■ MATERIAL PROVIDED

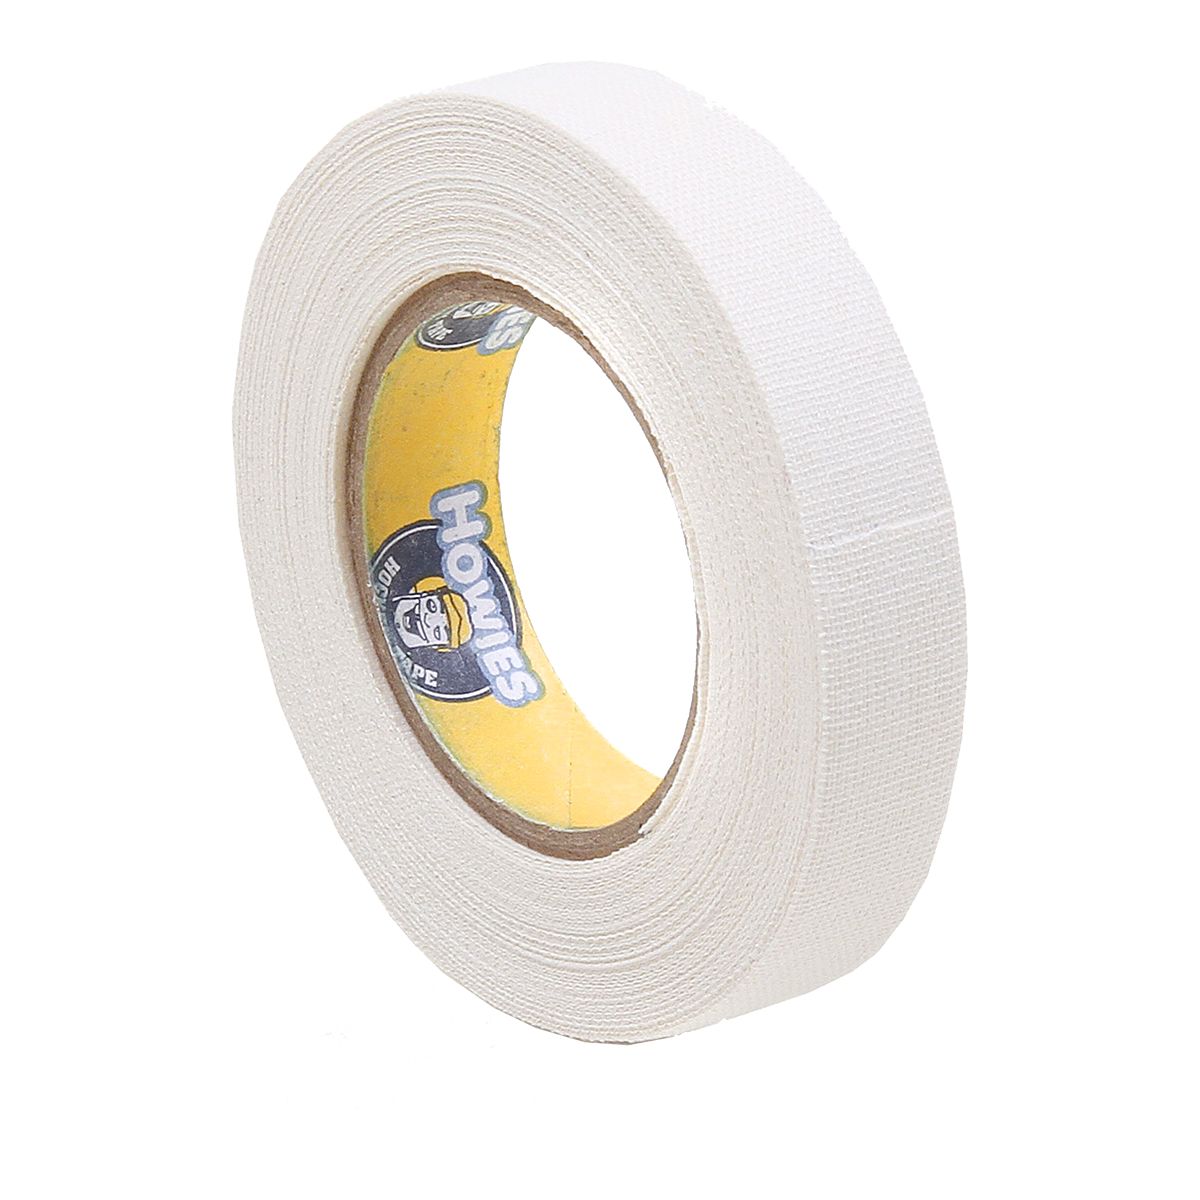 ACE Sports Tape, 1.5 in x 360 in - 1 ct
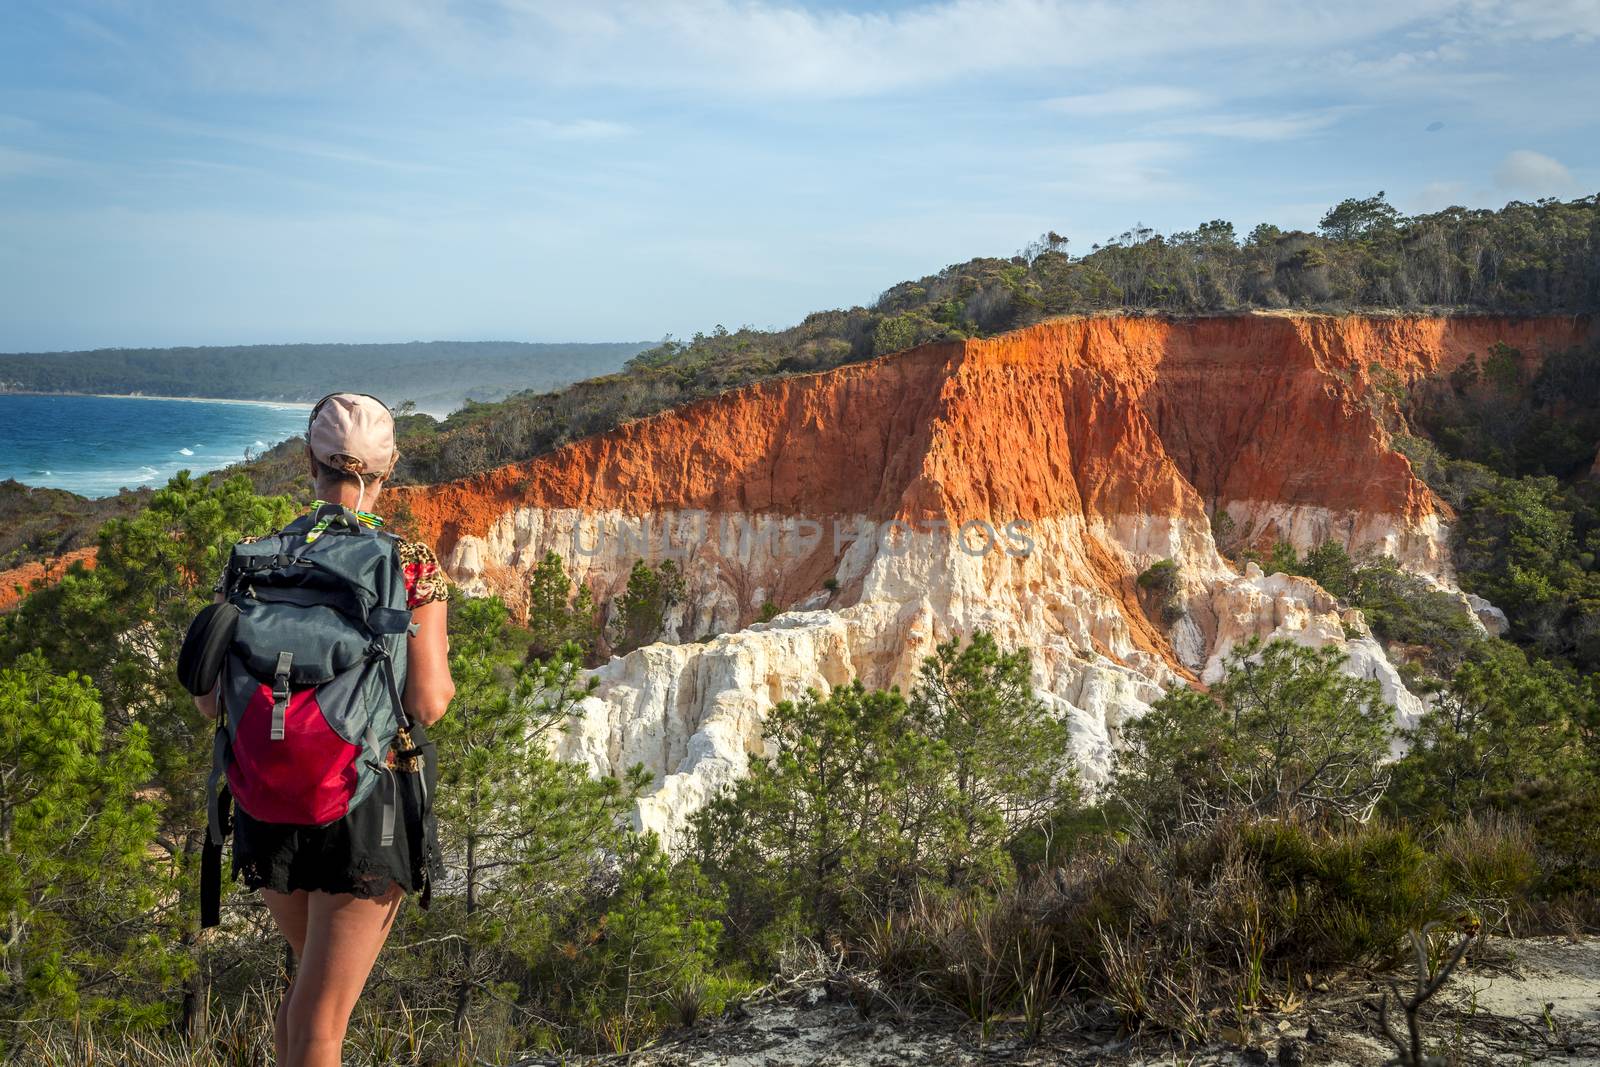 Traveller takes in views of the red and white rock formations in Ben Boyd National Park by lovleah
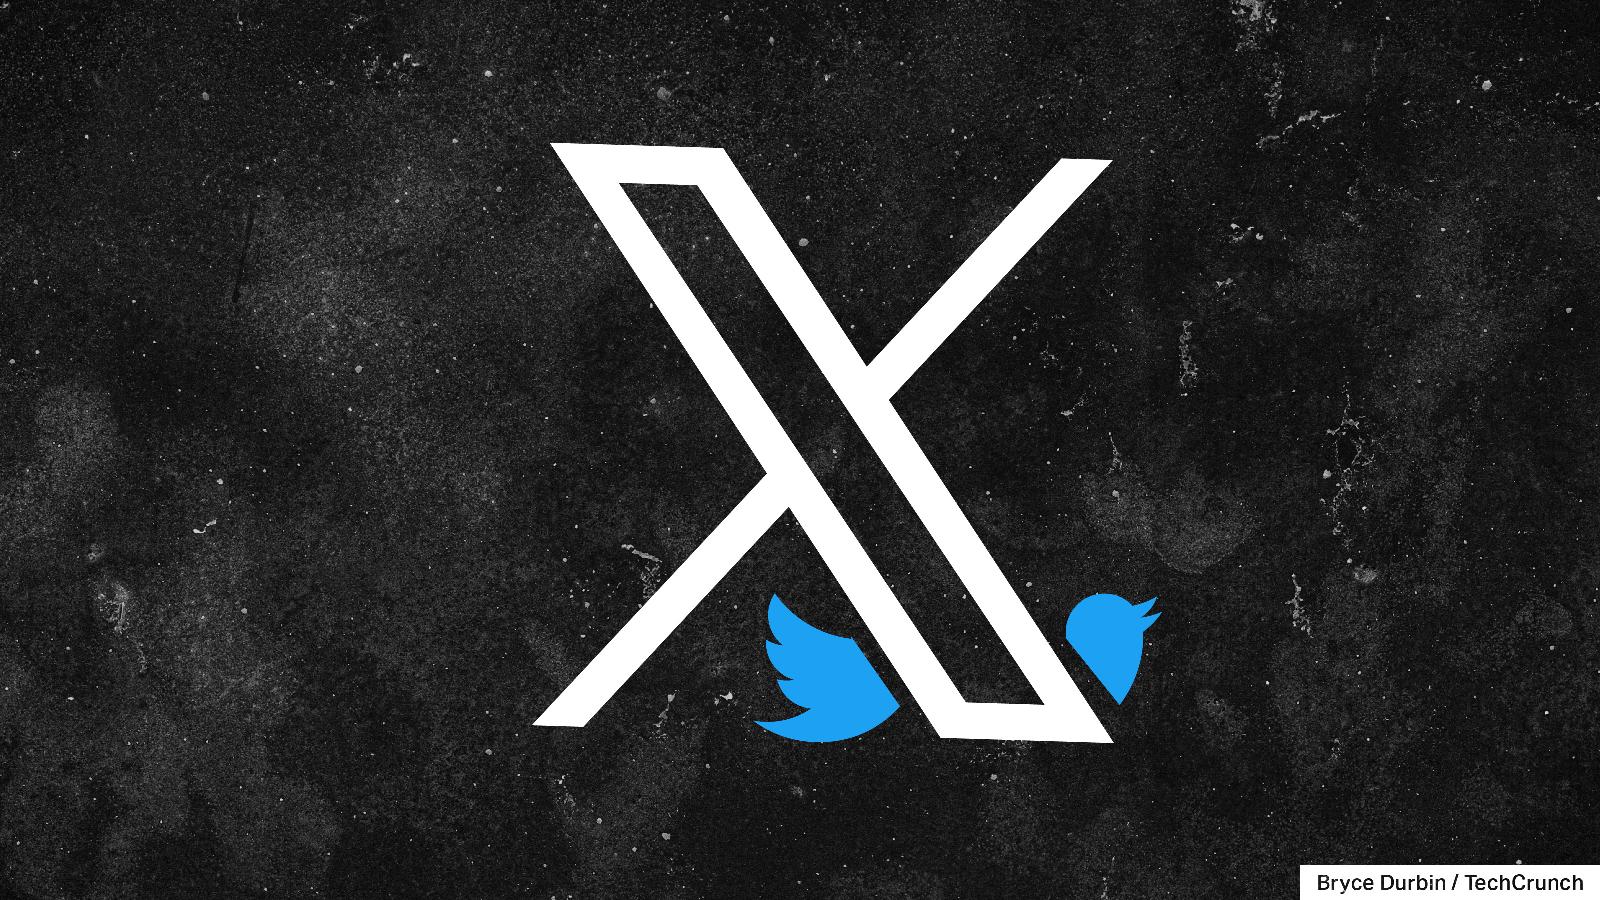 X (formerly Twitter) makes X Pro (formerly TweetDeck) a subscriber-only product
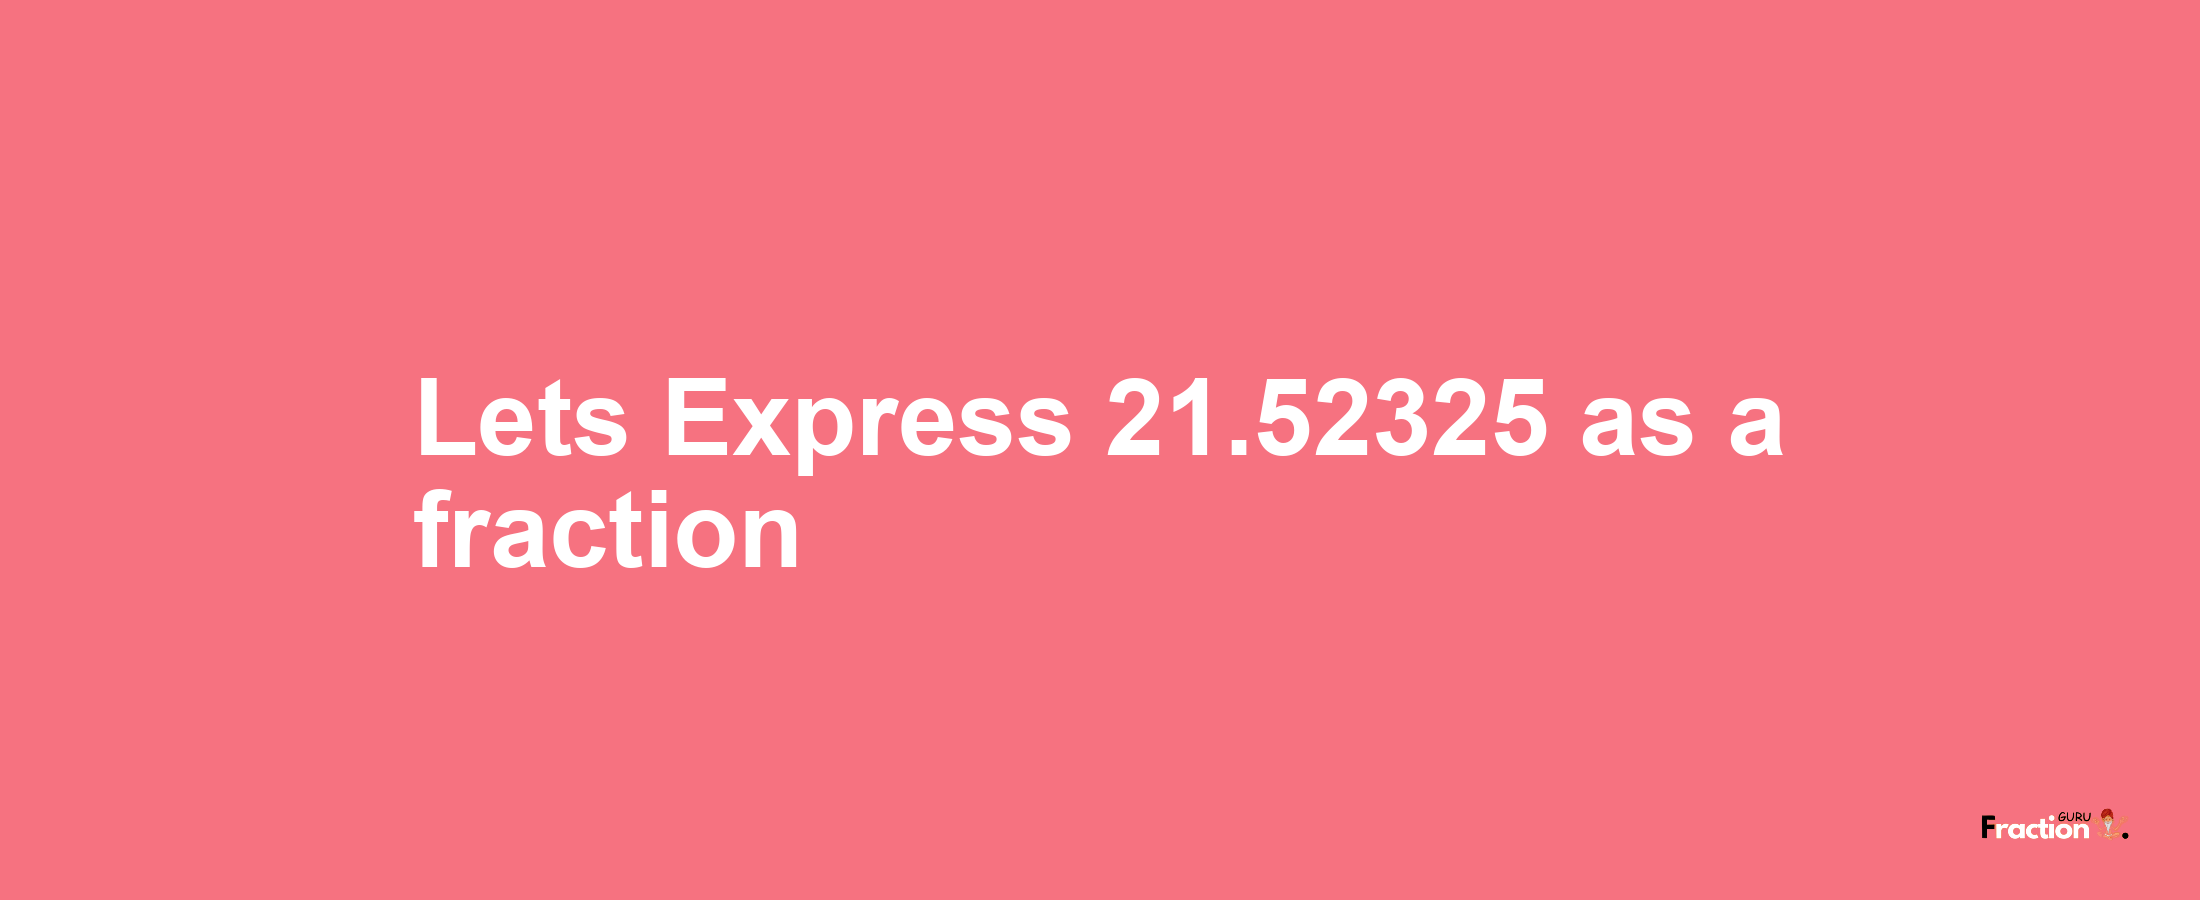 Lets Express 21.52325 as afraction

■ YOUR TASK
Could you write out the whole listing exactly, dropping the pictures?

■ SOLUTION TO THIS PROBLEM
 ACE Sports Tape, 1.5 in x 360 in - 1 ct
 Traveller takes in views of the red and white rock formations in Ben Boyd National Park by lovleah
 X (formerly Twitter) makes X Pro (formerly TweetDeck) a subscriber-only product
 Lets Express 21.52325 as afraction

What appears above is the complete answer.